Assignment: Nothing but a verbatim copy of the data, minus the images, should be returned.

Dataset extract:

- - - - - - -

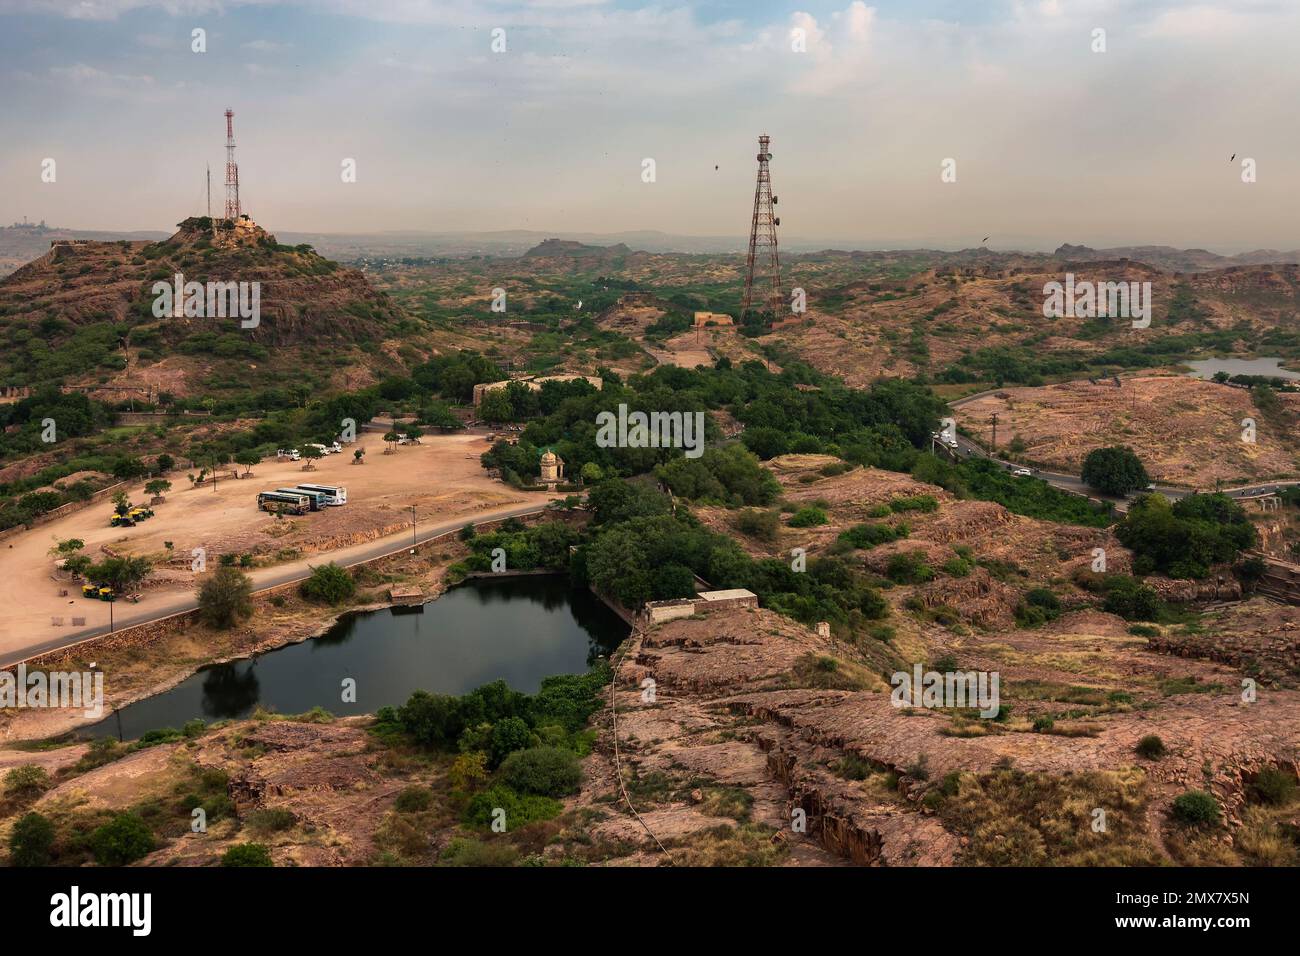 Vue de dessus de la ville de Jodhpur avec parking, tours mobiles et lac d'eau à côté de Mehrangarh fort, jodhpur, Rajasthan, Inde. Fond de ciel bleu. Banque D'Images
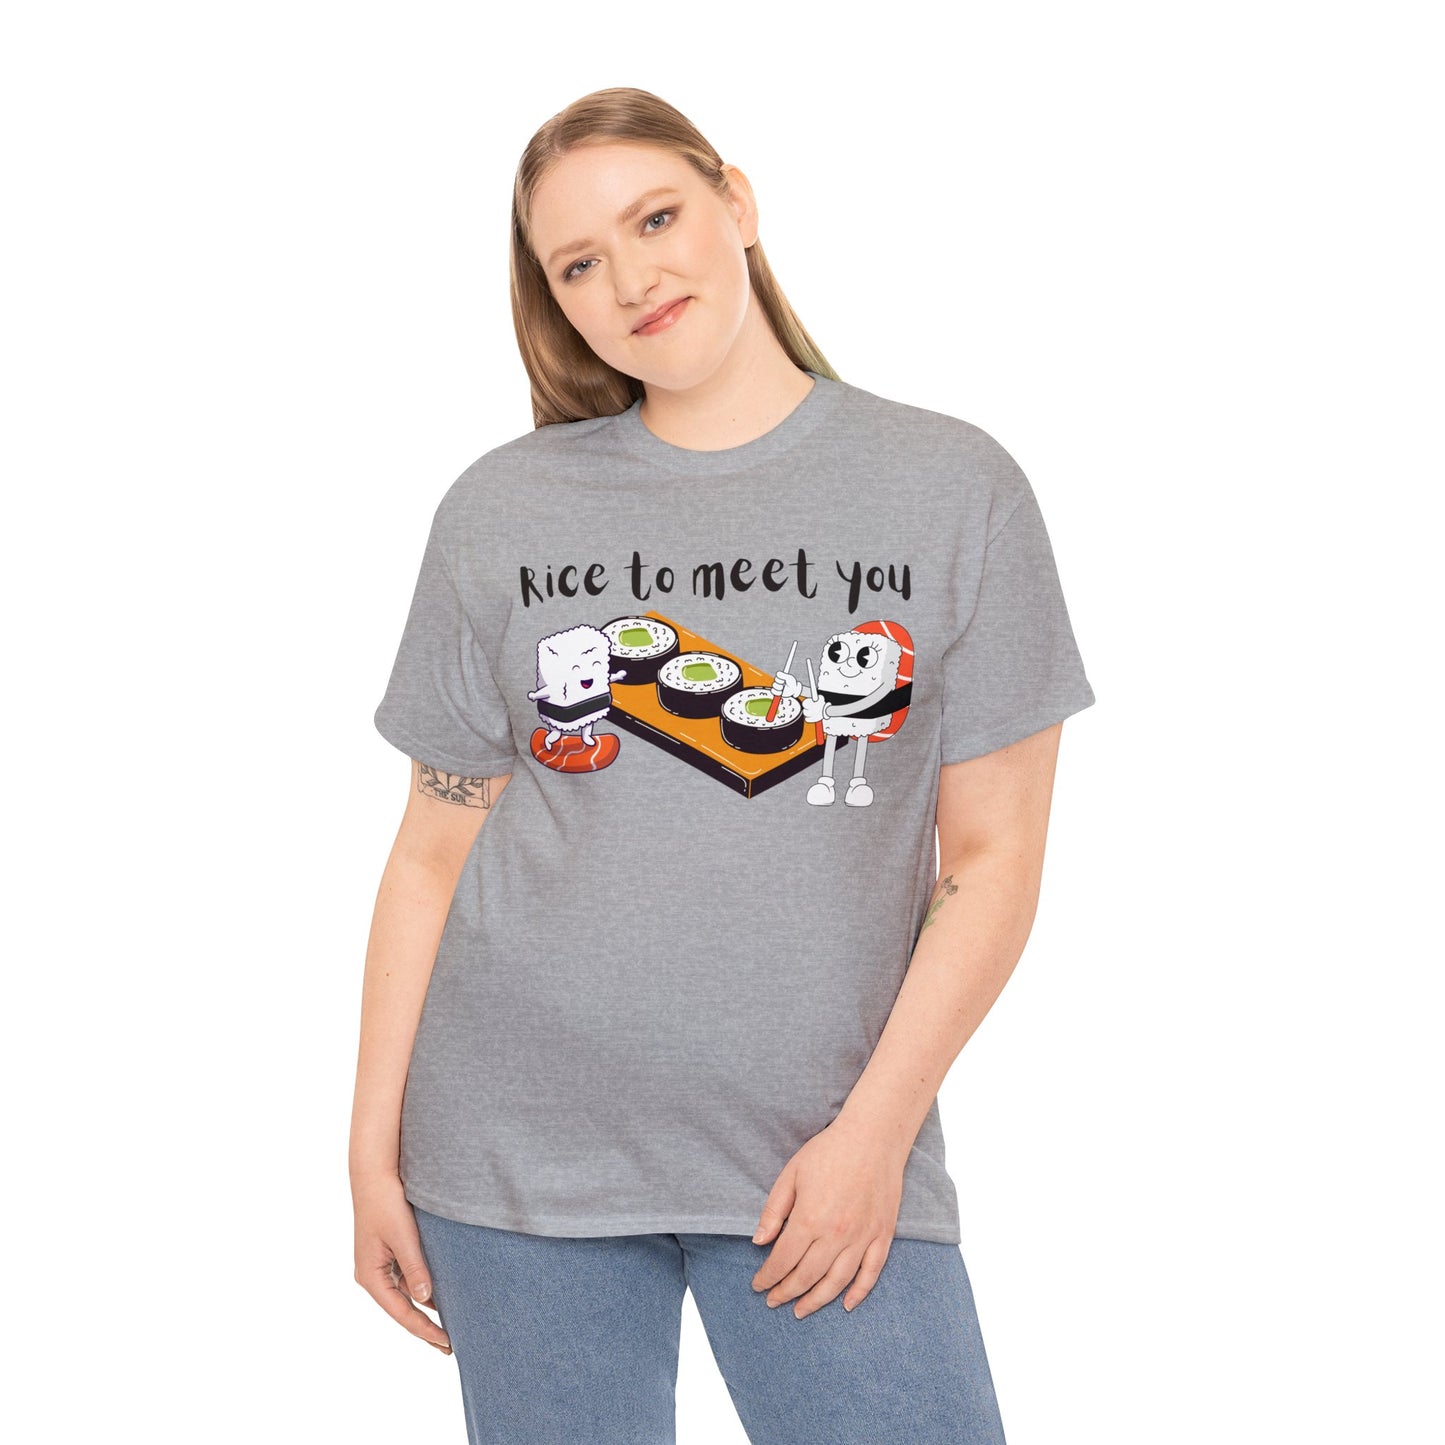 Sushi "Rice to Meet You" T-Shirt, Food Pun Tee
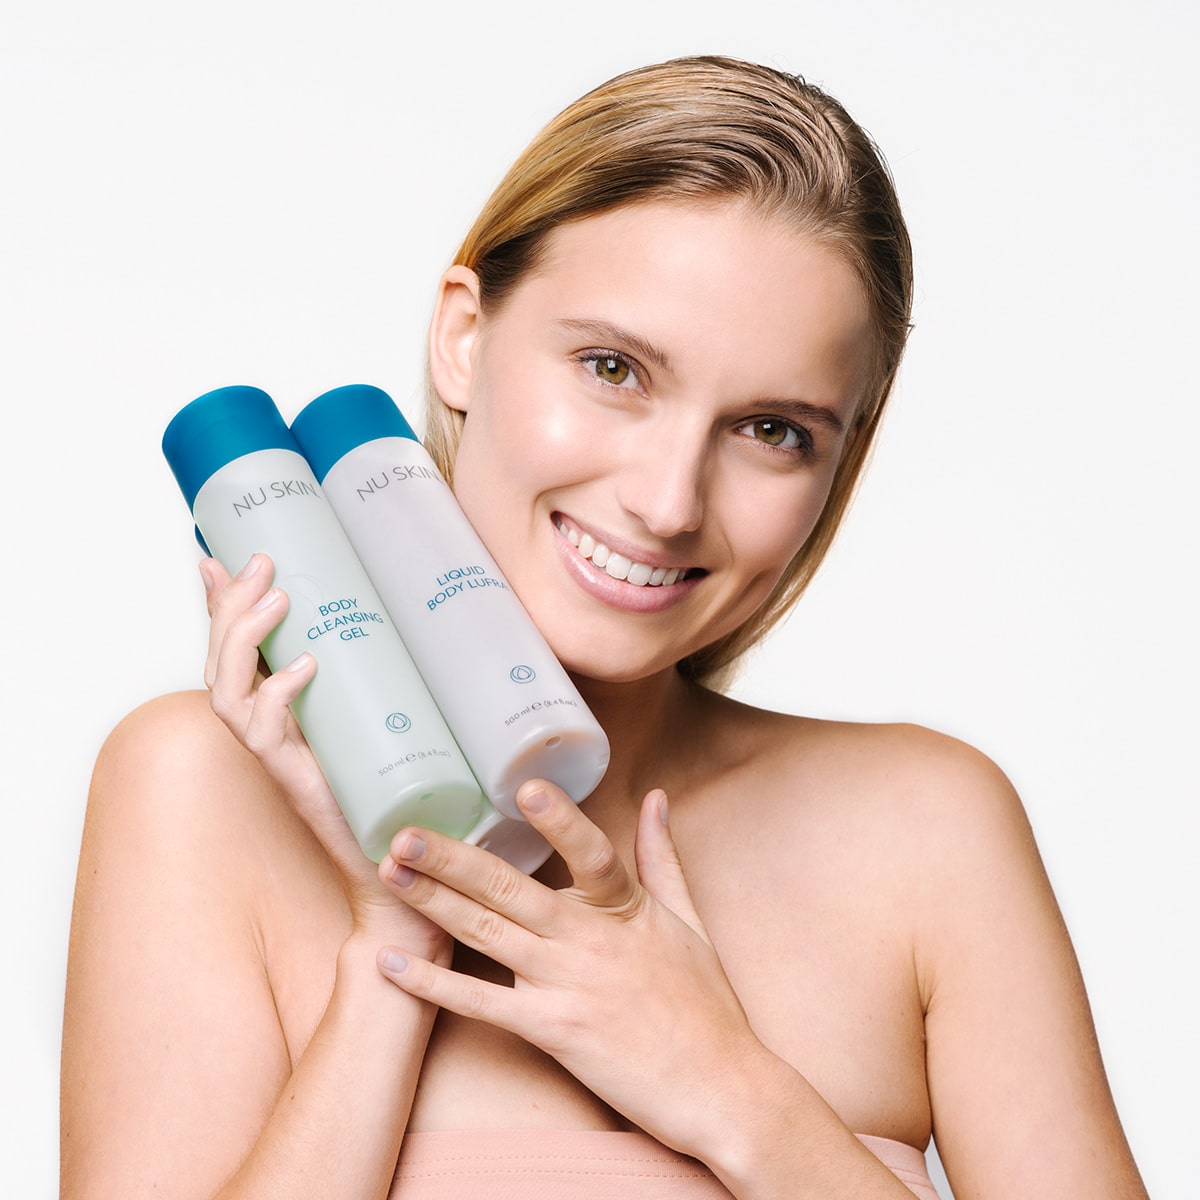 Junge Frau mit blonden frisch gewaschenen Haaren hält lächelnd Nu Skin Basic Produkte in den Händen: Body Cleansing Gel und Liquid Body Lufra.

- - - - - - -

Exercise result:
 Vue de dessus de la ville de Jodhpur avec parking, tours mobiles et lac d'eau à côté de Mehrangarh fort, jodhpur, Rajasthan, Inde. Fond de ciel bleu. Banque D'Images
 Sushi "Rice to Meet You" T-Shirt, Food Pun Tee
 Junge Frau mit blonden frisch gewaschenen Haaren hält lächelnd Nu Skin Basic Produkte in den Händen: Body Cleansing Gel und Liquid Body Lufra.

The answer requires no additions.